Sunday, January 30, 2011

A POLITICAL TRAGEDY

In my previous blog I wrote about the murder of 13-year-old girl, María Esther Jimenéz, in a small village I know well.


By a tragic coincidence a 28-year-old José María Caracuel also died in the village I call home just days later.

His death is the subject of an investigation and given the wild rumours and differing versions of events that are circulating it is best to leave any comment on that to after it has been concluded.

What is fact is that José María went to the health centre on the Friday afternoon to complain about the swelling in his leg. He was sent home with instructions by the duty doctor. Next day, the Saturday morning, he returned to the health centre still in great pain. The same doctor was on duty but was called away on an emergency. Before he could return José María died of a blood clot on his leg.

For any 28-year-old to die in such a fashion is a tragedy but especially when he was, I believe, the only person in his large family bringing in a salary.

On the Monday his funeral was held in the village’s cemetery but afterwards his family and friends gathered at the health centre in what can only be described as an ugly demonstration.
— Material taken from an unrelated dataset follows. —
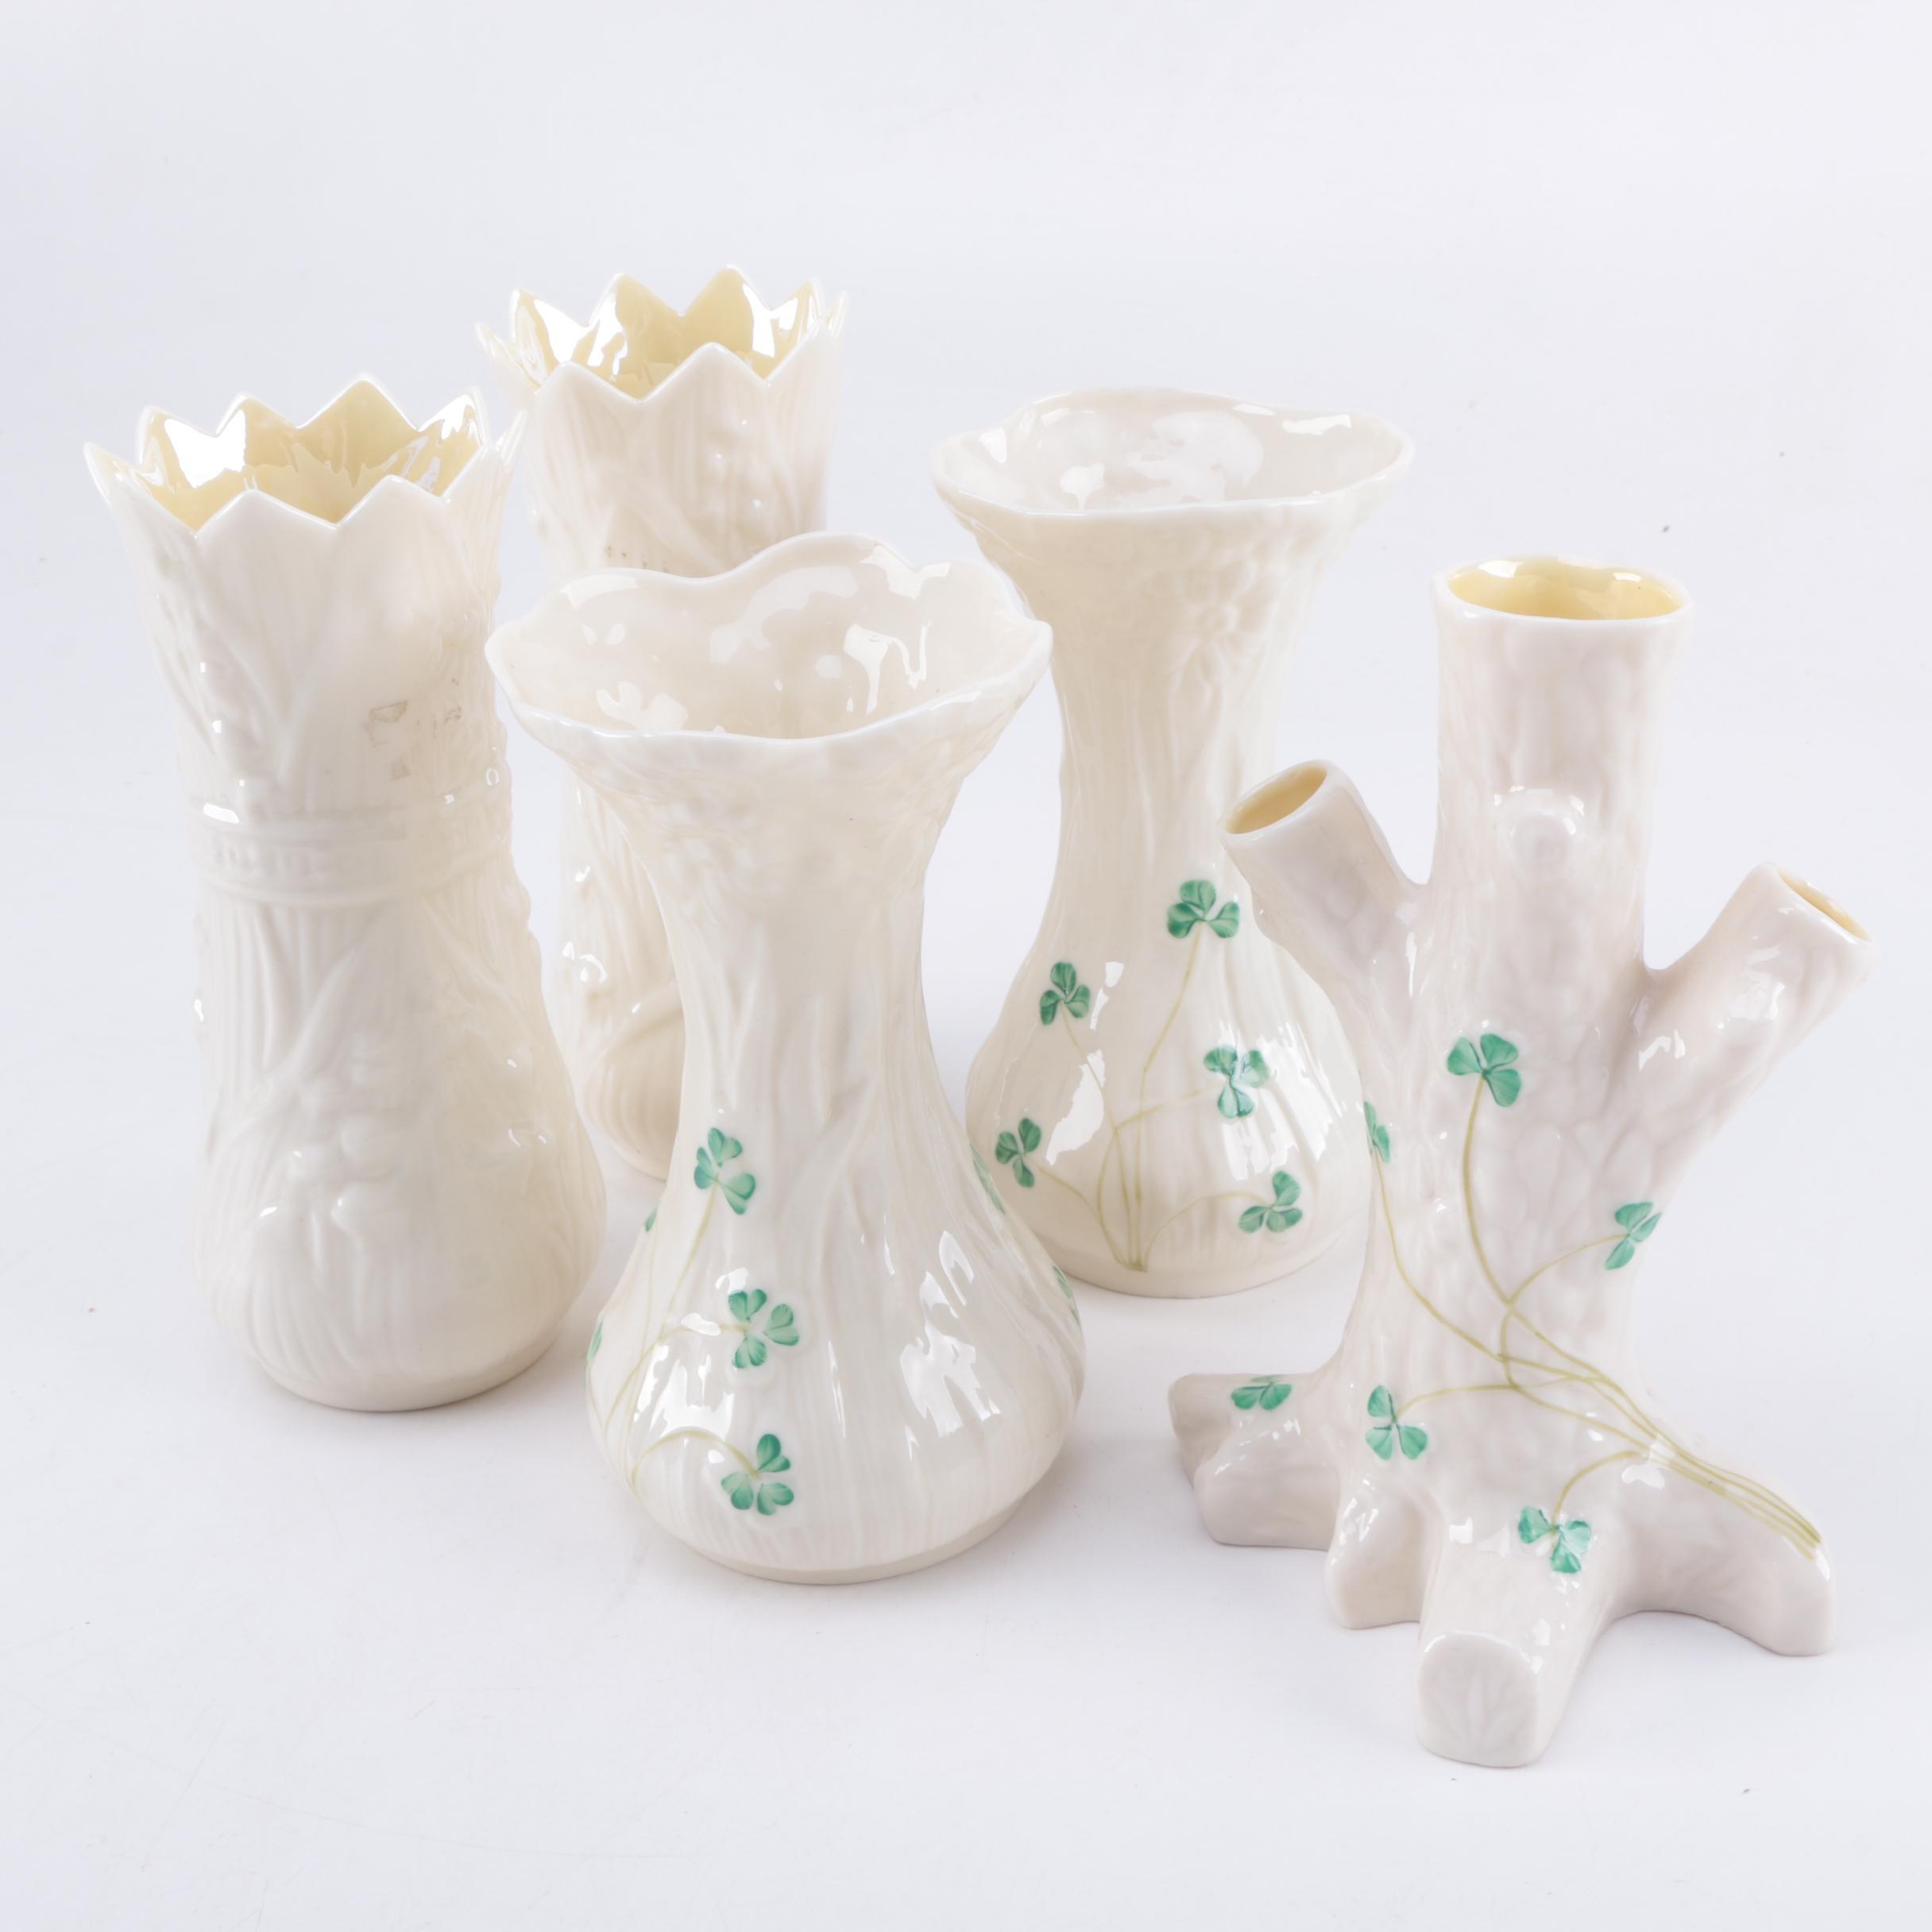 Belleek Porcelain Bud Vases

Their anger and pain is understandable but cries of “assassins” aimed at the health centre staff were totally unacceptable and an assault on the building was only prevented by the presence of the Guardia Civil and local police.

Two other people at the demonstration were the mayor and one of his henchman councillors. I am reliably told by a journalist I trust that when the mayor saw the Europa Sur photographer and reporter he made himself scarce. Indeed he does not feature in the press photos.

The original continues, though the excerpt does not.